The two books overlap at one point. Ferguson notes that in Blair’s memoirs
he wrote that he had asked my opinion on sacking Gordon Brown when he was prime minister and Gordon was next door in No. 11. My recollection is that Tony wasn’t specific about Gordon. His question was about superstars and how I dealt with them. My answer was: ‘The most important thing in my job is control. The minute they threaten your control, you have to get rid of them.’ He did say he was having problems with Gordon but didn’t ask me specifically what I thought he should do. I kept my advice general because I didn’t want to get into personality issues.

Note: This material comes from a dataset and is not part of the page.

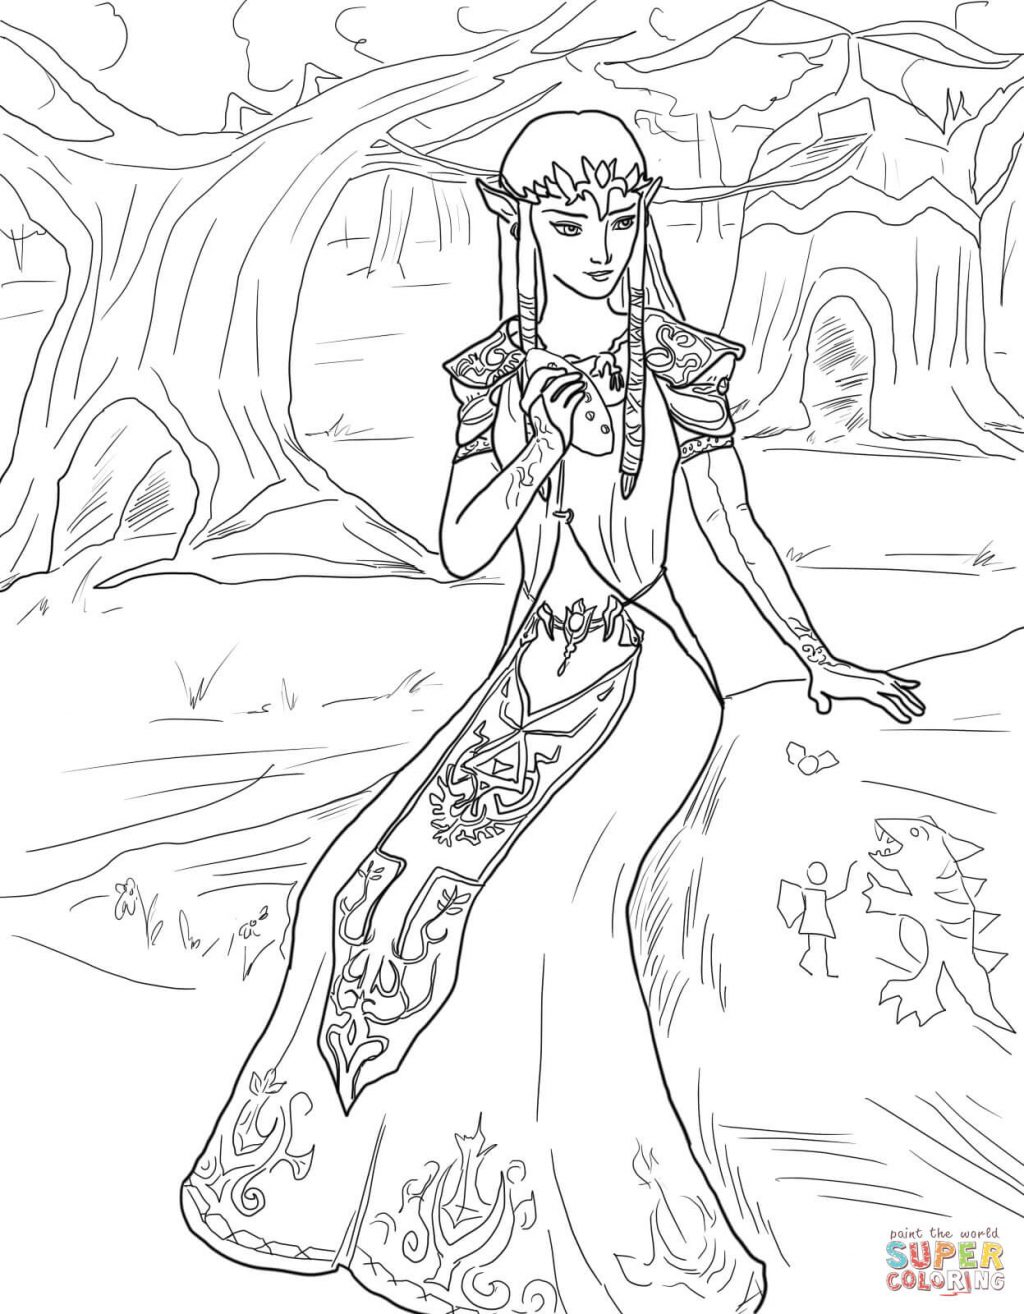 Legend Of Zelda Coloring Pages Online Project Ideas Zelda Coloring Page Princess Free Printable Pages

Ferguson has more in common with Brown than he does with Blair. The two men bonded over their shared interest in the Kennedy assassination (part of Ferguson’s JFK collection consists of books and DVDs sent to him by Brown). They both fit the conspiracist mould: suspicious, relentless, brooding, unable to shake the feeling that it is always, in the end, them and us. Brown, despite his reputation, wasn’t a control freak. Like Ferguson, he understood that many things were beyond his power to control (markets can move as randomly as a football). He just wanted to control the people with the power to do him harm. What Ferguson had that Brown didn’t have was time. Ferguson almost ran out of time early in his United career, when after barely three years of misfires and no trophies he was on the brink of being sacked. Then a lucky break in the Cup bought him the time he needed and he never looked back. Brown never had that luck. Blair was the lucky one, the man who was given an unassailable position as prime minister, which gave him the time to do what he wanted. He squandered it. If Ferguson had been Blair he would have sacked Brown (‘It never made sense to me to go to bed every night worrying when you could do something to cut the problem away’). If Brown had had the time given to Blair he would have accomplished more. But he got less than three years, which as Ferguson would be the first to admit, isn’t long enough to see off your enemies.